A lot of the proof used to be related, he wrote. “However no longer it all used to be so,” he wrote, corresponding to “this type of outfits Andrew wore to dinner outings.” Given the overpowering proof of guilt, Justice Thomas wrote, the inappropriate proof used to be risk free.

A brief supporting Ms. Andrew from a former federal pass judgement on and others mentioned the amount of prejudicial proof portraying her as “a hypersexual seductress” warranted assessment. “The prosecution presented reams of inflammatory proof about Ms. Andrew’s sexuality,” the temporary mentioned, together with “lurid main points of her a couple of affairs, her suggestive clothes and underwear, her cleavage or even a ebook on ‘Force a Guy Wild in Mattress.’”

In urging the Supreme Court to not pay attention the case, Andrew v. White, No. 23-6573, prosecutors mentioned virtually not anything to justify the use of proof about Ms. Andrew’s look and sexuality. They argued as a substitute that it used to be “however a drop within the ocean” within the case towards her.
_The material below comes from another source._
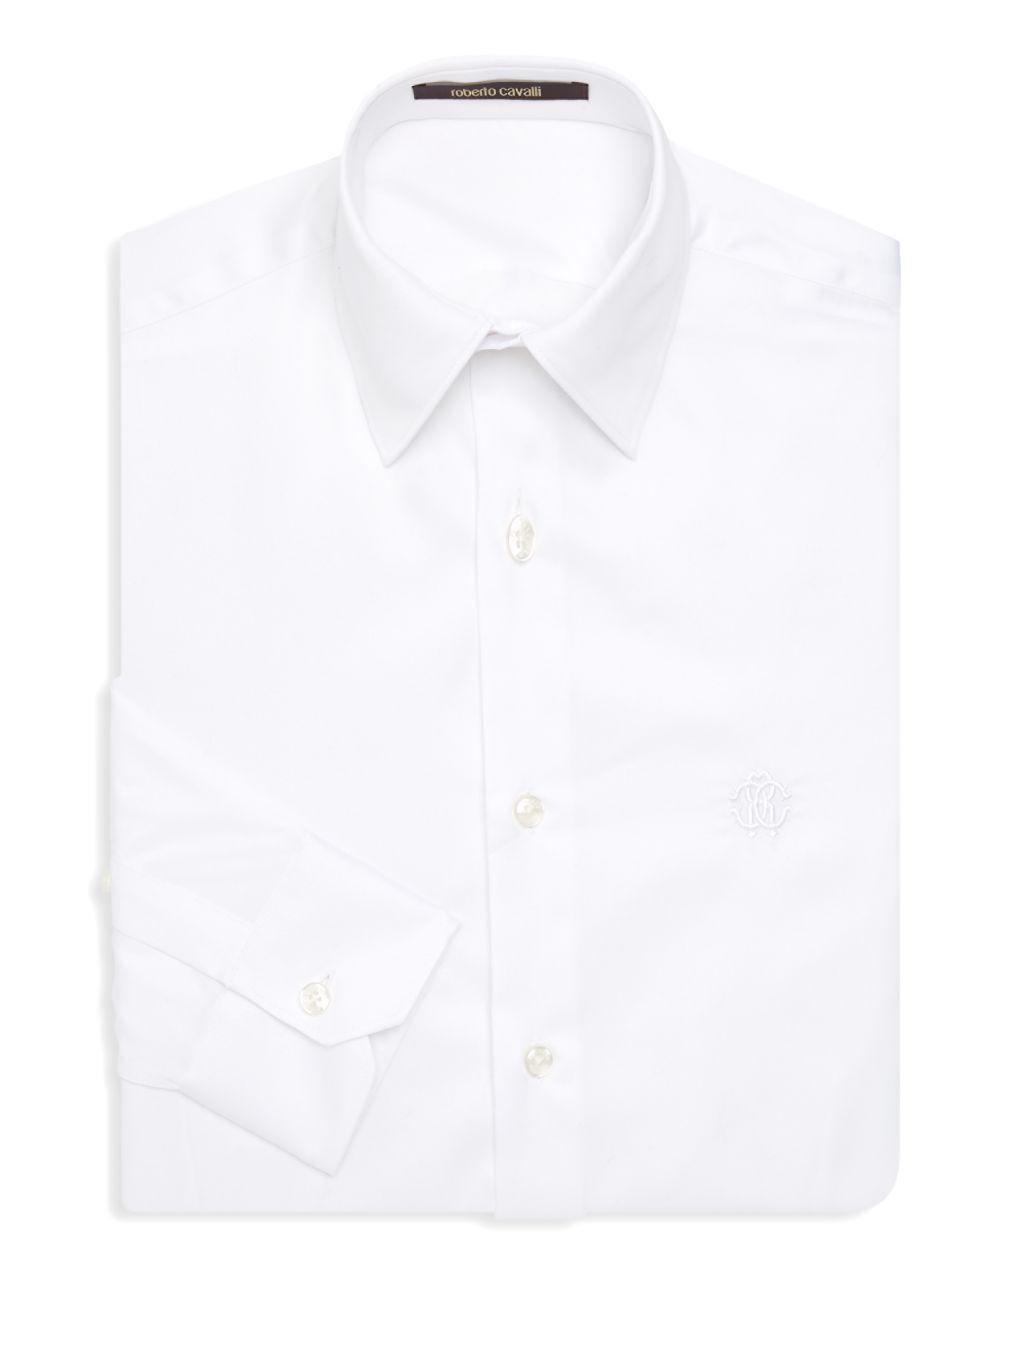 Roberto Cavalli Logo Embroidered Dress Shirt

State and federal appeals courts have roughly agreed, suggesting that the prosecutors’ presentation used to be regrettable however that there used to be abundant proof of Ms. Andrew’s guilt.

The Oklahoma Courtroom of Legal Appeals, as an example, said in 2007 that it used to be “suffering to seek out any relevance” for far of the contested proof however added that “even so, the creation of this proof used to be risk free.”

The U.S. Courtroom of Appeals for the tenth Circuit said in 2023 that it shared the state court docket’s “considerations about one of the vital ‘sexual and sexualizing’ proof admitted at trial” however that Ms. Andrew may no longer triumph over the top hurdles to difficult a state-court conviction in federal court docket.

Ms. Andrew’s boyfriend, James Pavatt, admitted to taking pictures her husband and mentioned he had acted on my own. However there used to be reason why to suppose Ms. Andrew used to be concerned, as a part of a plot to procure the proceeds of a existence insurance plans, and the government charged either one of them with capital homicide. Mr. Pavatt used to be additionally sentenced to dying.

In a partial dissent from the state court docket’s ruling in 2007, Judge Arlene Johnson, the one lady at the court docket on the time, mentioned she would have let Ms. Andrew’s conviction stand. However, she wrote, “I in finding it not possible to mention with self belief that the dying penalty right here used to be no longer imposed resulting from fallacious proof and argument,” including that the proof served “to trivialize the worth of her existence within the minds of the jurors.”

In dissent from the tenth Circuit’s resolution, Judge Robert E. Bacharach went additional, announcing he would have overturned no longer simplest her dying sentence but additionally her conviction.

“The state centered from begin to end on Ms. Andrew’s intercourse existence,” Pass judgement on Bacharach wrote. “This center of attention portrayed Ms. Andrew as a scarlet lady, a contemporary Jezebel, sparking mistrust in response to her free morals. The drumbeat on Ms. Andrew’s intercourse existence persisted in ultimate argument, plucking away any reasonable probability that the jury would critically believe her model of occasions.”